In his book Four Thousand Weeks Oliver Burkeman points out how ridiculously short our average life span is. He explains how pretty much every method to manage that amount of time is bound to fail. The reason? Our lives are limited and the amount of stuff that needs to be done isn’t. Time management is premised on the false idea that if we were only efficient enough, we could reach a moment when we’ve answered every email, returned every call and completed every task. Like a mirage, the illusion of free time hovers just over the horizon, driving us forward.
Burkeman points out that our efforts at time management are little more than a futile attempt at battling our own finitude. Since we think of time as something external to us, we make every effort to “use it well,” to avoid wasting it. For writers “using time well” is a continuous battle. When progress is measured in words on the page, every use of time that doesn’t generate those words seems wasted. Going for a walk when I’m a few thousand words behind my goal feels like an unaffordable luxury. No matter how often I tell myself that the mental efforts of sorting out plots and nailing down character traits are necessary work that will result in better words on the page at a later point, the word count at the end of the week remains to true measure of progress.
My personal relationship with time is colored by my innate laziness. When I was ten, my parents had to make a decision as to my future schooling. Back then, the German education system was very stratified. After four years of elementary school, parents had to decide which track their kids should pursue, blue-collar, white-collar or university. Thankfully my parents decided that all their kids should pursue the university track. When my father spoke with my fourth grade teacher about my transfer, he was baffled, saying, “Aber da wird doch etwas verlangt.” Loosely translated, he said, “But they expect something there.”
I didn’t know about his comment until much later. By then it was somewhat of an inside joke because that teacher had seen something in me that I only became aware of much later, my desire to get by with the least amount of effort. I managed okay for a while until eleventh grade when we got different teachers and my carefully constructed tricks to avoid work failed miserably. I flunked several major subjects and had to repeat the grade.
Throughout my professional career, the idea that I was coasting along rather than putting in solid efforts remained a niggling thought in the back of my head. Would that article have been better if I had done more research? Would class discussion have been better if I had prepared more conscientiously rather than winging it? Would the conference paper have been better if I hadn’t waited until the last minute to cobble it together? These notions weren’t my version of the “imposter syndrome,” that I was a fraud. I knew I did my job as well as the next person. But I had a genuine sense that amazing insights were just over the horizon, attainable with more effort.
Since I began writing crime fiction, I’ve tried to change that pattern. Every weekday, my phone dings at 8:15 am to remind me that I have fifteen minutes to get by butt in the chair. On the surface it’s worked. I’ve published six novels in the past six years. They’re okay and one of them even won an award. Nevertheless, that voice is still there, telling me that I could write outstanding novels with just a bit more effort. I’m not alone in this. Patricia Highsmith wrote in her April 3, 1948, diary entry, “It [the writing] flows. Yet each day that goes by—where is the writing I wish to do? I feel it in me. Shall I be like those people without number who feel a destiny to write magnificent works one day?”

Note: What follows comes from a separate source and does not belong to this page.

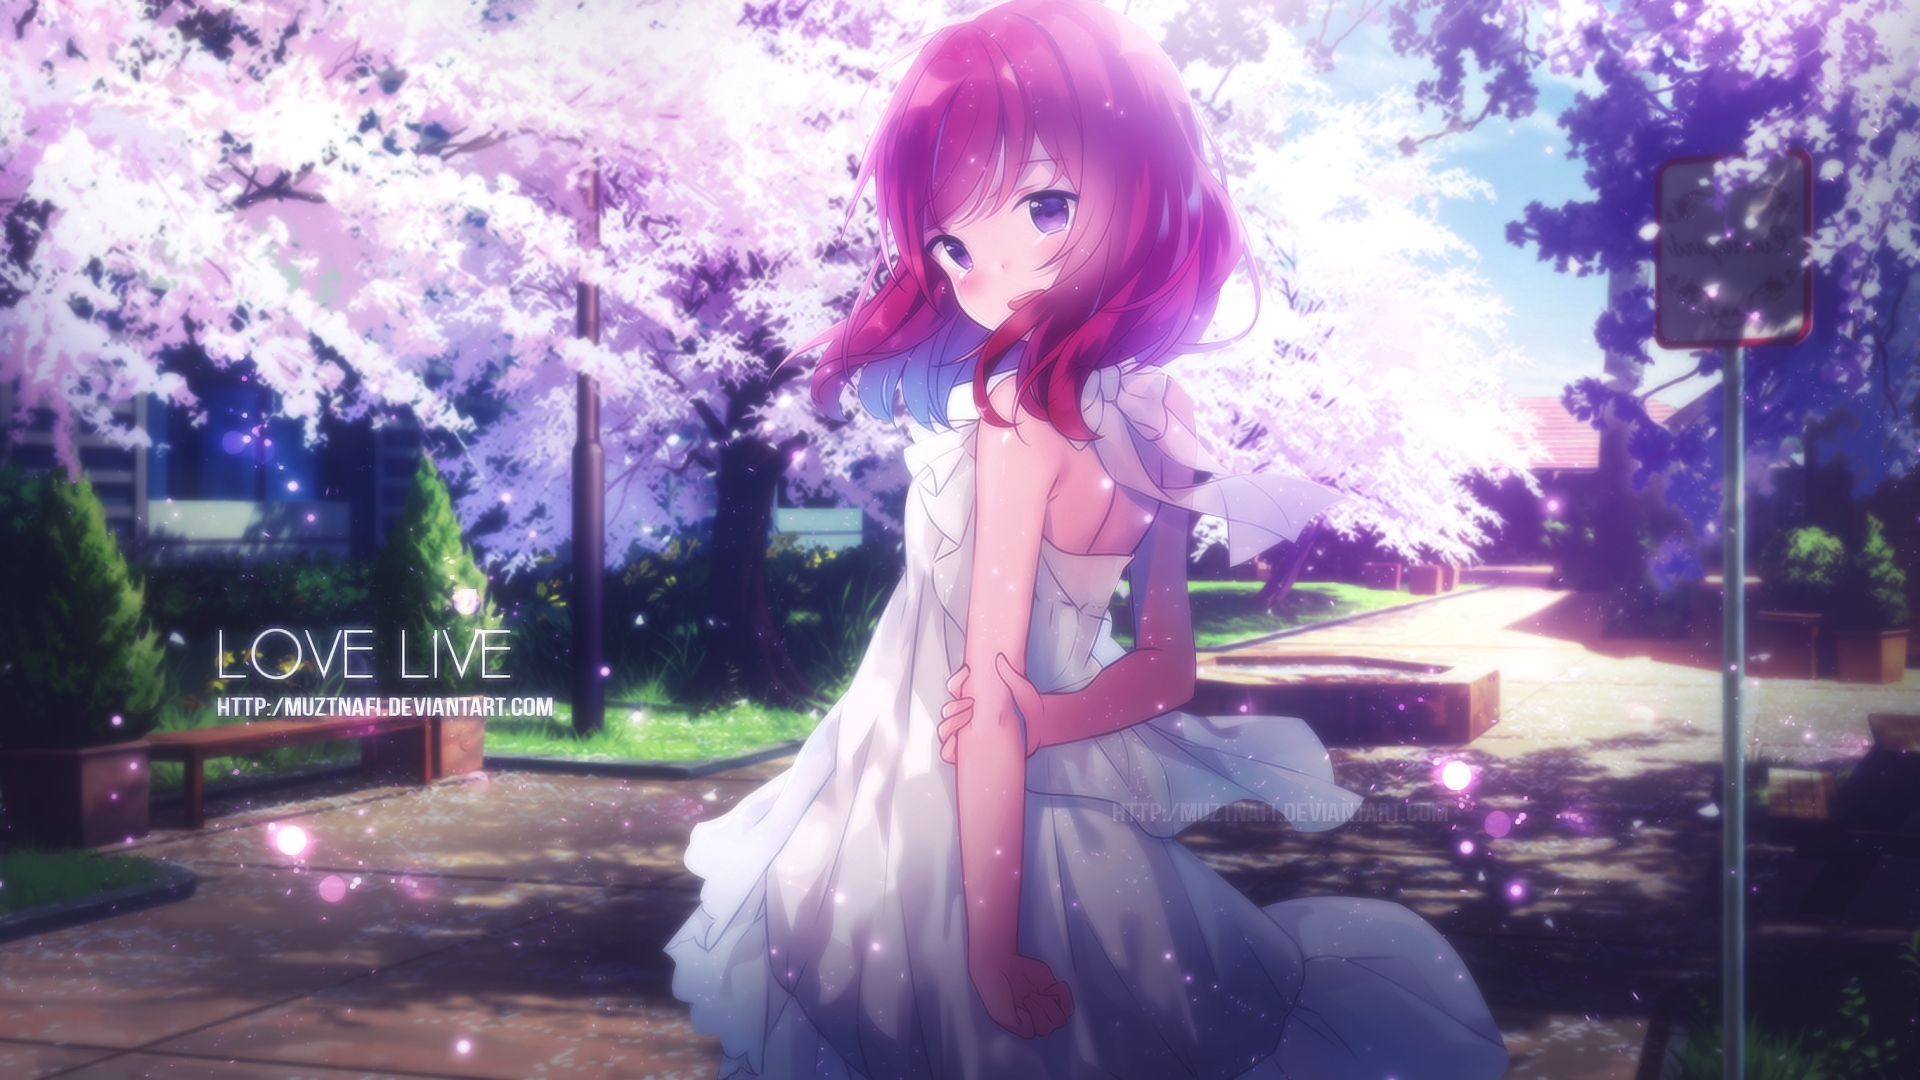 Descarga gratuita de fondo de pantalla para móvil de Animado, Maki Nishikino, ¡ama Vive!.

This is why Burkeman’s suggestions on how to deal with time and finitude resonated with me. He suggests that patience is a remedy for overcoming. His three principles of patience are concise: Develop a taste for having problems, embrace radical incrementalism, originality lies on the far side of unoriginality.
As I digested these suggestions, I realized that I was doing well on the second principle. Getting my butt in the chair every weekday for several hours was the kind incrementalism necessary to tackle long projects. The first one is a little problematic. I don’t like to have problems, I don’t like being called upon for this or that task or obligation. I like my problems abstract, something I can deal with in my head, I’m a writer after all.
The last principle provided the real insight. Writing outstanding fiction isn’t a matter of adding loads of effort (although effort is certainly part of the equation). Writing unoriginal crime stories is the process of approaching originality. With each novel I am adding to the foundation upon which amazing ideas may eventually emerge. Will I live long enough to see that happen? Most likely not. Besides, the universe couldn’t care less if I wrote another novel. Still, striving to meet an abstract standard I will likely fall short of achieving isn’t a good way to spend the short time I have. Instead, living what Burkeman calls “a modestly meaningful life” means embracing patience in my concrete, finite life.